Arcturus is also emerging at the forefront of epigenetic research for another development. “We are currently a world leader in allelic selectivity,” says Payne. Unlike most current approaches in the small interfering RNA space, which involve knocking down the alleles from both parents, Arcturus has the ability to selectively reduce the expression of the diseased allele, while retaining the expression of the healthy allele. “We have the ability to achieve greater than 100-fold allelic selectivity,” insists Payne. “This is one of the ways we differentiate ourselves from others in the RNA community.”

These technologies allow the modulation of different types of RNA molecules or of multiple types of RNA species concomitantly. Delivering the technology, however, promises further challenges. “The technologies that we currently have can be delivered intravenously, subcutaneously, intramuscularly, and intrathecally, but what we have not seen a lot of is oral delivery,” admits Payne.

Delivering molecules into the central nervous system is currently performed by intrathecal injections. “It would be useful,” notes Payne, “to have an intravenous formulation that is engineered to cross the blood-brain barrier.”


Small Molecule Inhibitors

“We are dedicated to small molecule research mainly in oncology, and we focus on epigenetics,” says Patrick Trojer, Ph.D., senior director and head of biology at Constellation Pharmaceuticals. Dr. Trojer oversees work on three classes of epigenetic regulators: demetylases, methyl transferases, and chromatin binders, particularly bromodomain-containing proteins, a family of histone acetyl lysine recognition binders.

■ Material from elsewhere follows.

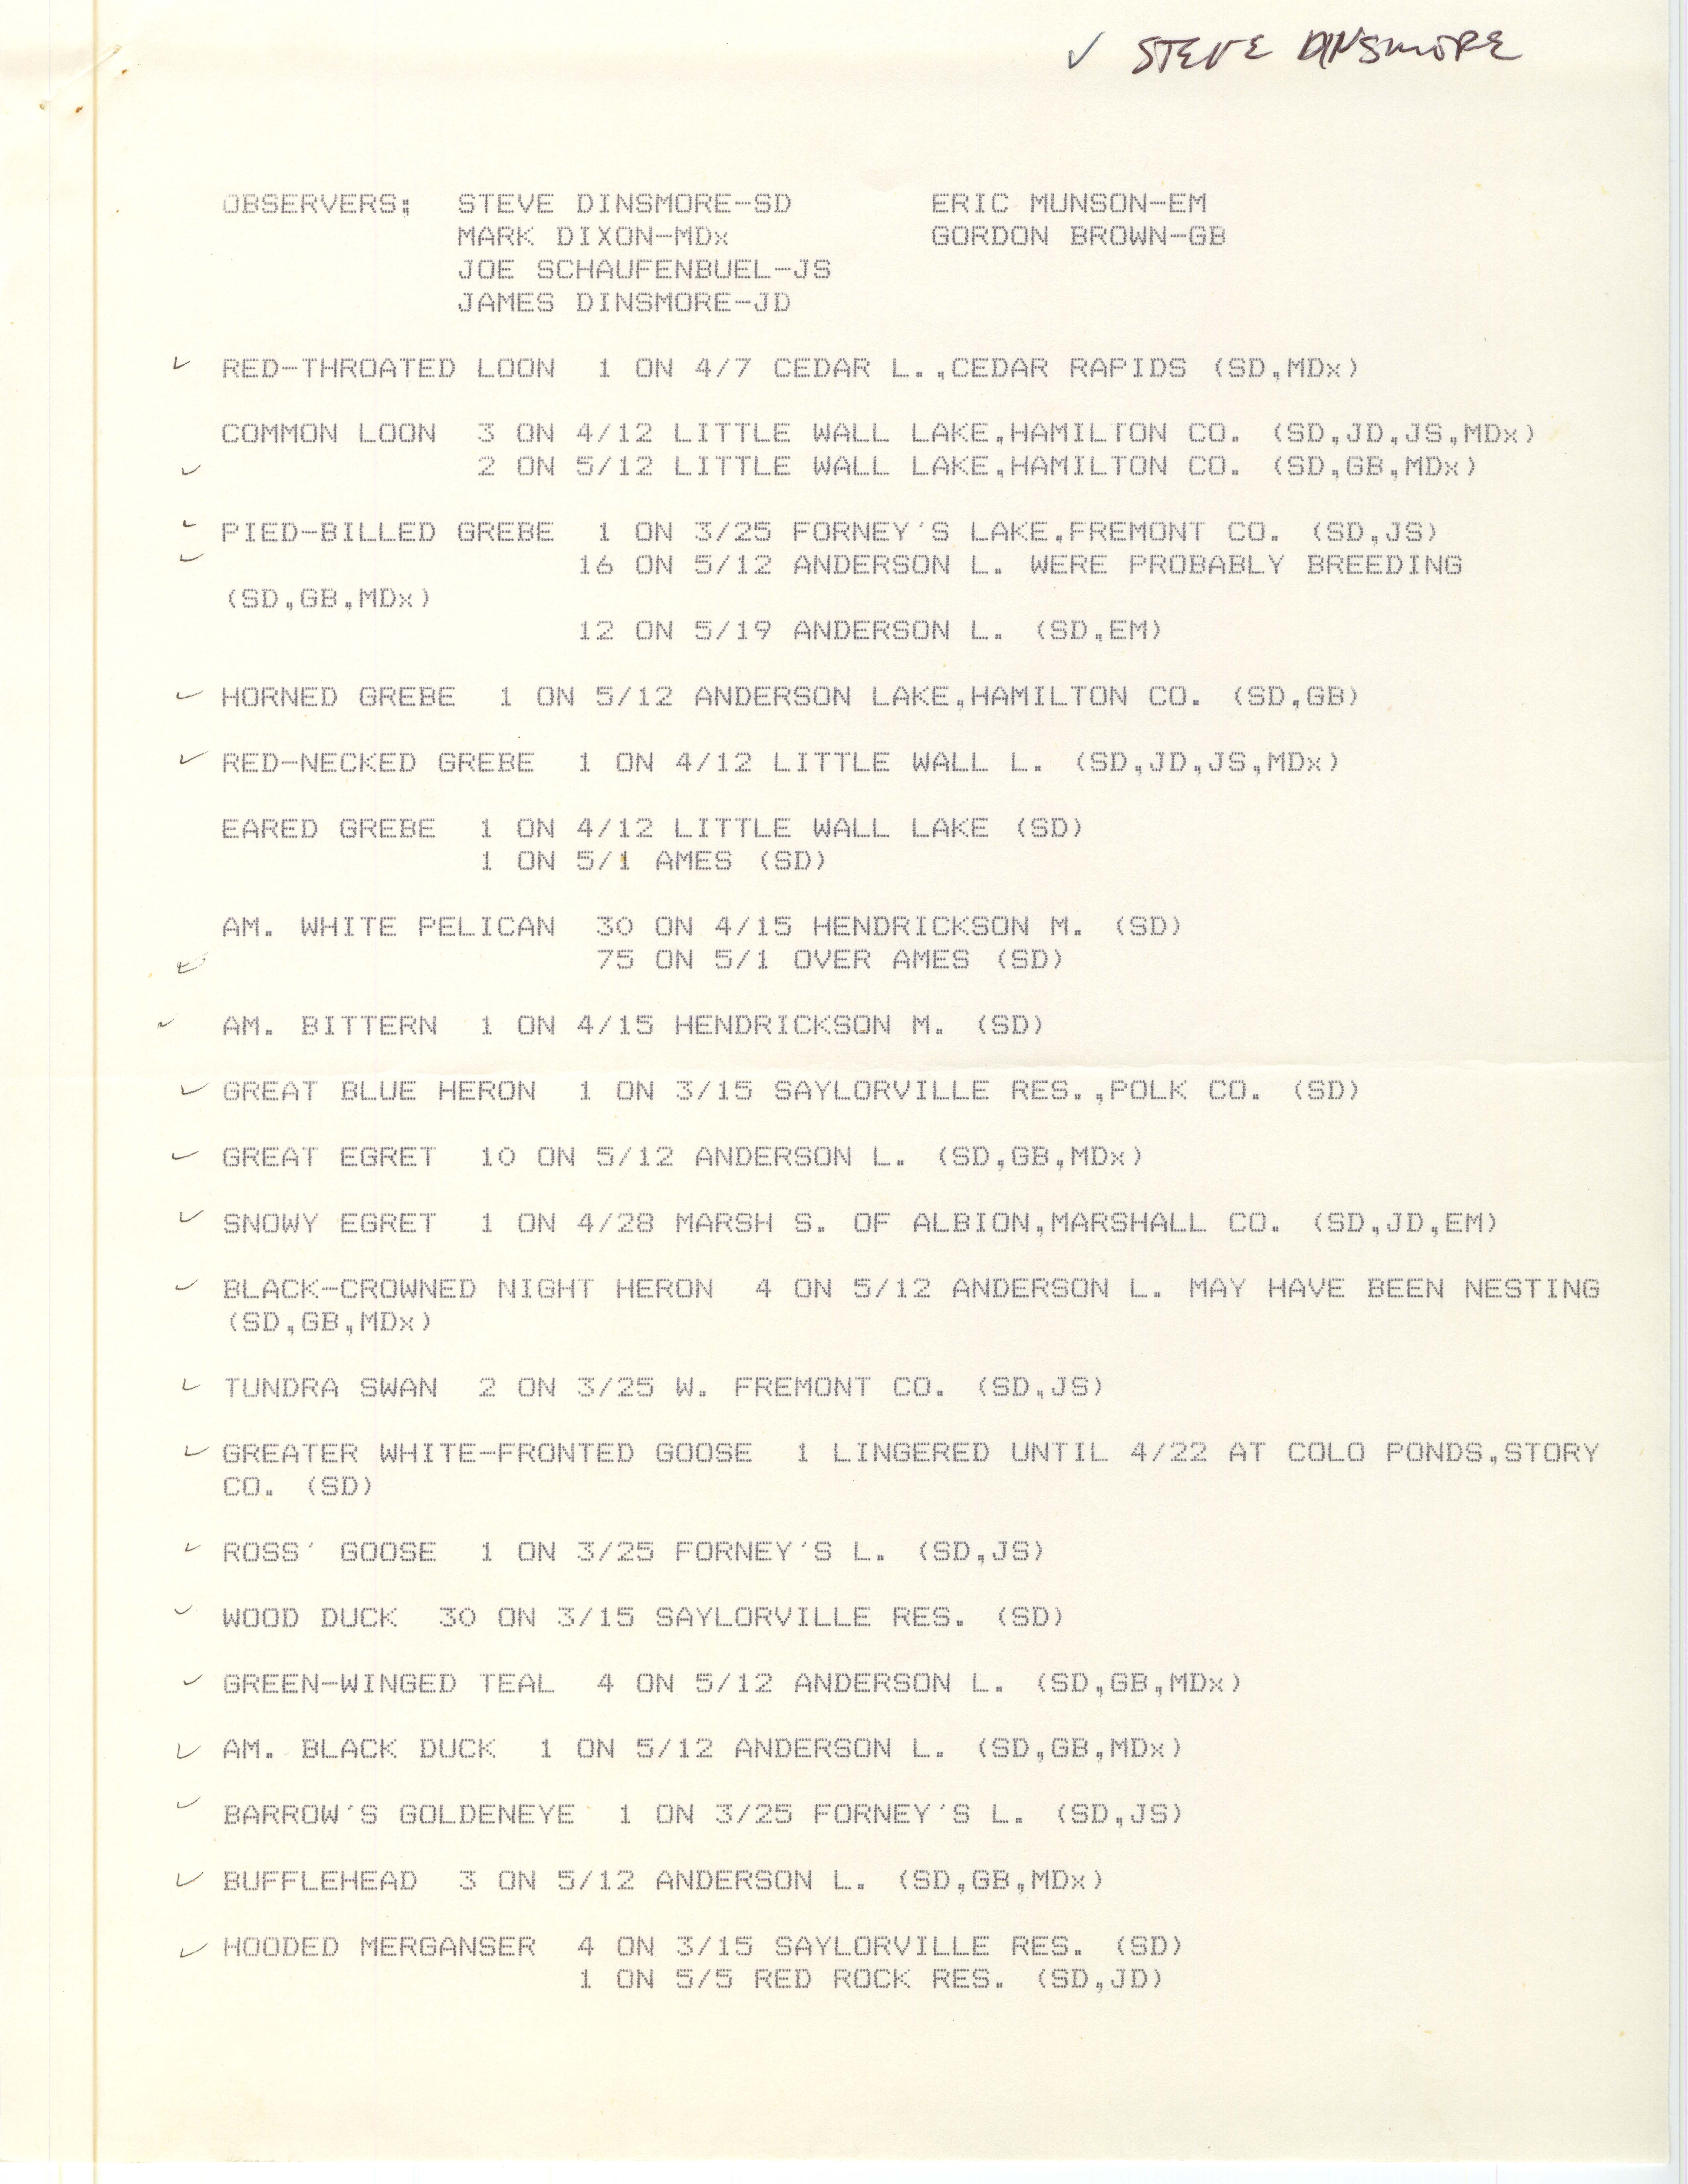 Field notes contributed by Stephen J. Dinsmore, spring 1984
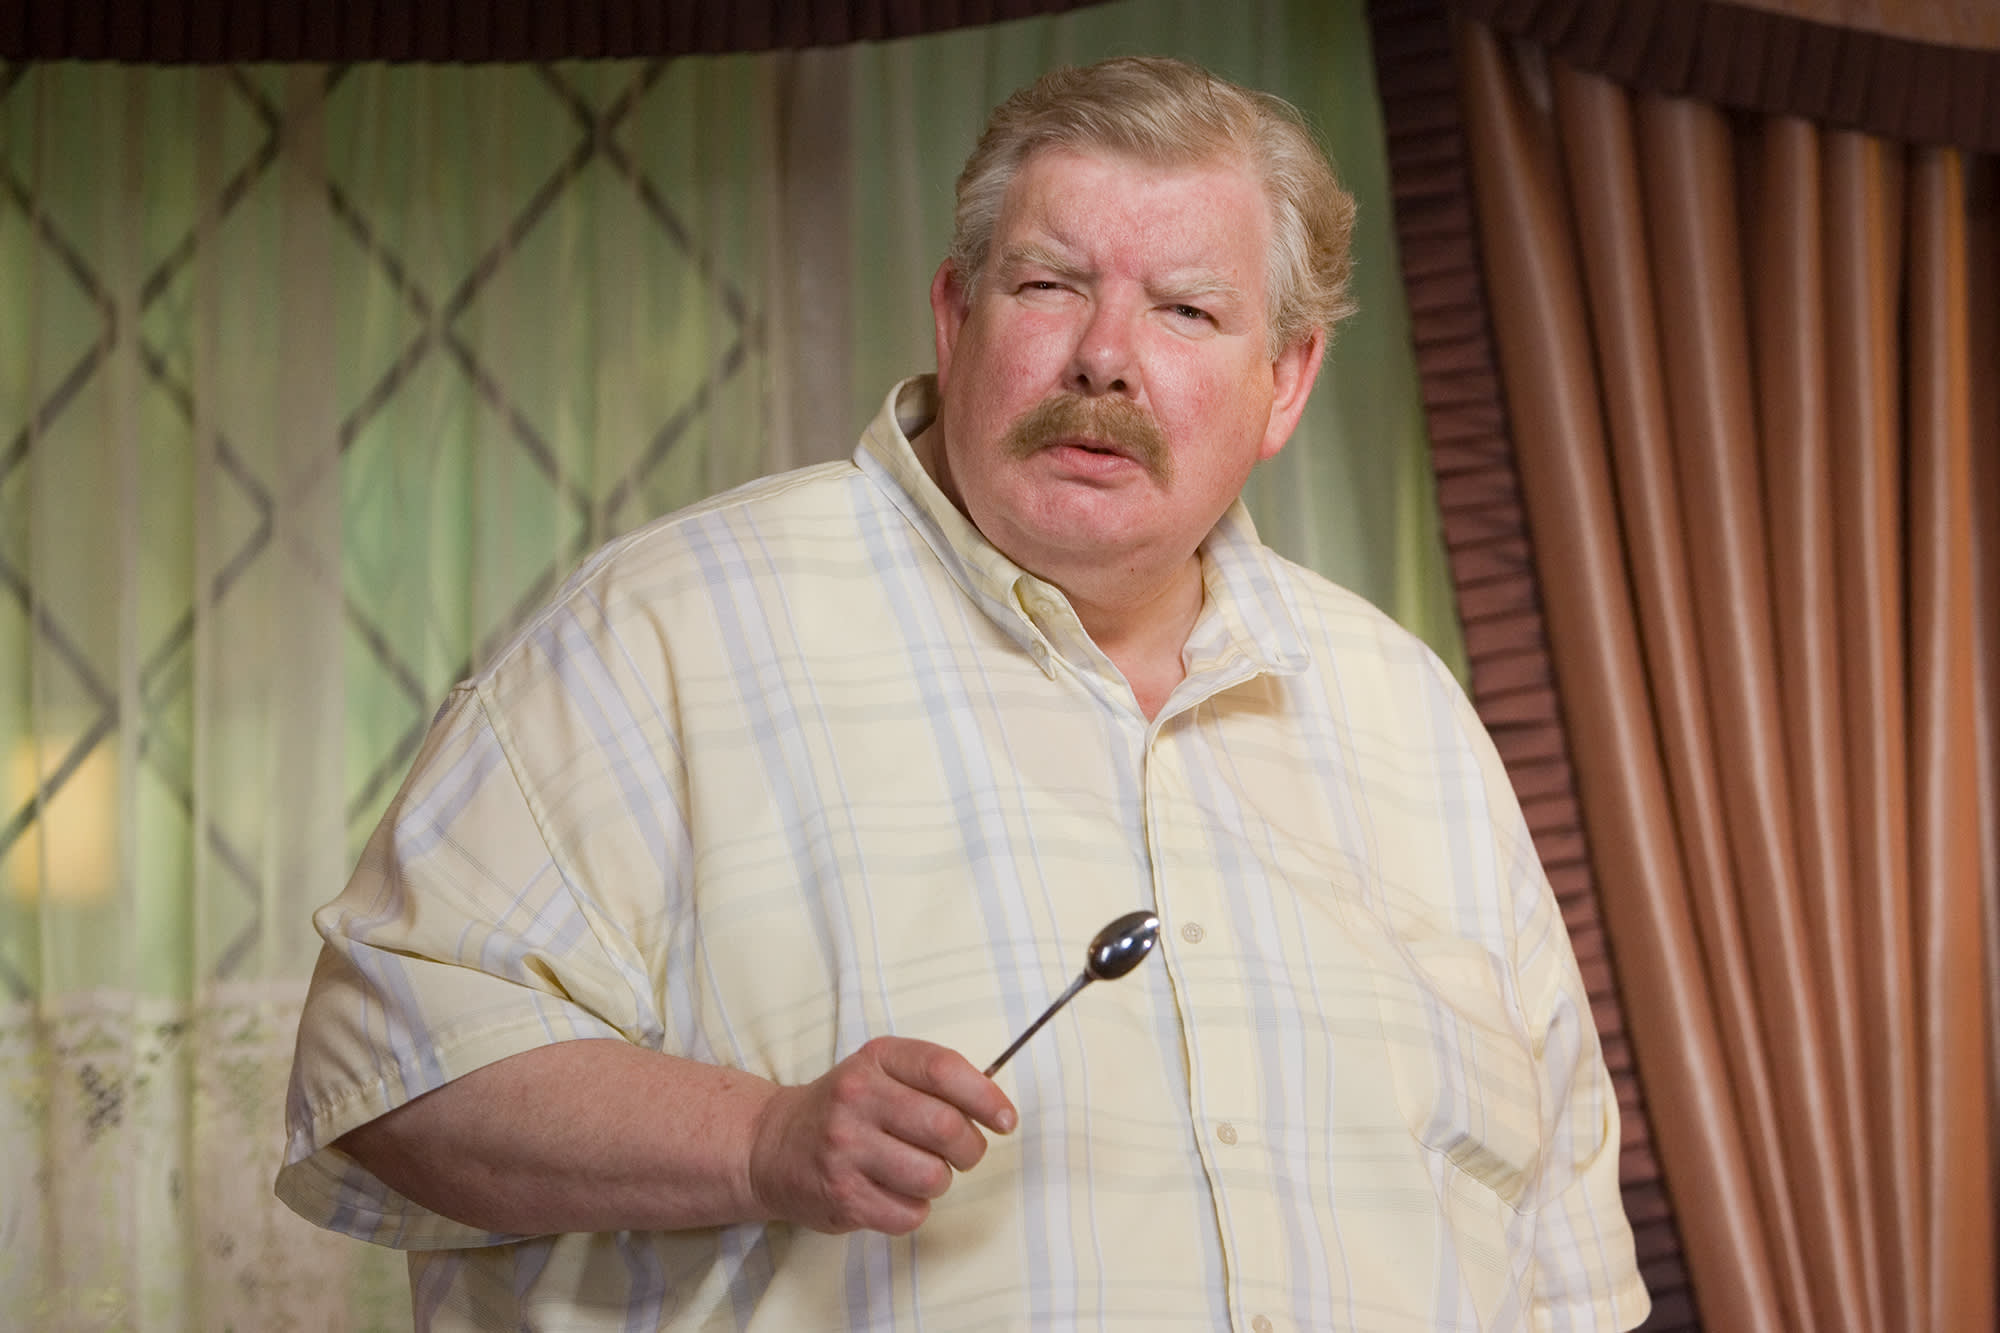 Vernon Dursley stood in the living room of Privet Drive holding a spoon and looking confused.

“As part of these efforts, we are trying to understand how small molecule inhibitors in the epigenetic space translate into transcriptional changes and efficacy in in vitro and in vivo cancer models,” elaborates Dr. Trojer. The first BET inhibitor is currently in a Phase I clinical study, and several EZH2 inhibitors are in preclinical studies.

Recently, Dr. Trojer’s team and collaborators from Promega reported the identification of highly potent and selective EZH2 inhibitors that were able, at pharmacologically relevant doses, to selectively affect the turnover of trimethylated, but not monomethylated, H3K27 residues. The efficacy of these small molecule inhibitors was not limited to lymphomas containing mutant EZH2, but also extended to non-Hodgkin lymphoma models harboring the wild-type protein.

Dr. Trojer indicates that a key challenge is to identify the next best targets behind the existing first-generation epigenetic targets, and he adds that “there is a need for a lot more research to unveil additional, new targets.”

“Recent evidence has shown that genetic mutation of chromatin regulators is quite common in cancer, and understanding these perturbations will open the potential for therapeutically manipulating them,” says Charles W. Roberts, M.D., Ph.D., associate professor of pediatrics at Harvard Medical School.

Studies in Dr. Roberts’ group are focusing on the SWI/SNF chromatin remodeling/tumor suppressor complex. “We had been interested in trying to understand both the normal function of this complex and the mechanisms by which mutations in its subunits drive cancer formation,” recalls Dr. Roberts. About 15 years ago, a subunit of this complex was found to be mutated in malignant rhabdoid tumors, a very aggressive form of childhood malignancy.

As the first known link between an ATP-dependent chromatin remodeling and cancer, this finding about the SWI/SNF complex offered the potential to reveal novel mechanistic and therapeutic insights into malignancy. “In addition, history has taught us that genes that are mutated in early-onset pediatric cancers are often important in other cancers,” observes Dr. Roberts.

In the first studies on this complex, Dr. Roberts and colleagues revealed that 100% of conditional knockout mice developed cancer, with a median onset of 11 weeks. “This was the fastest reported tumor onset following inactivation of a single gene,” says Dr. Roberts. “Cancer development occurred twice as fast as with p53 inactivation.”

Approximately 20% of all pediatric and adult human cancers are now known to harbor mutations in the SWI/SNF subunit. “This complex is the most frequently mutated chromatin regulator,” states Dr. Roberts.

Dr. Roberts and colleagues showed that, despite the very rapid onset of the human cancers in the SNF5 mutation background, these malignancies are remarkably genomically simple. “Even though we are beginning to understand how perturbations occur in the chromatin structure,” adds Dr. Robers, “we are still at the dawn of understanding how chromatin alterations perturb a cell and how to intervene.”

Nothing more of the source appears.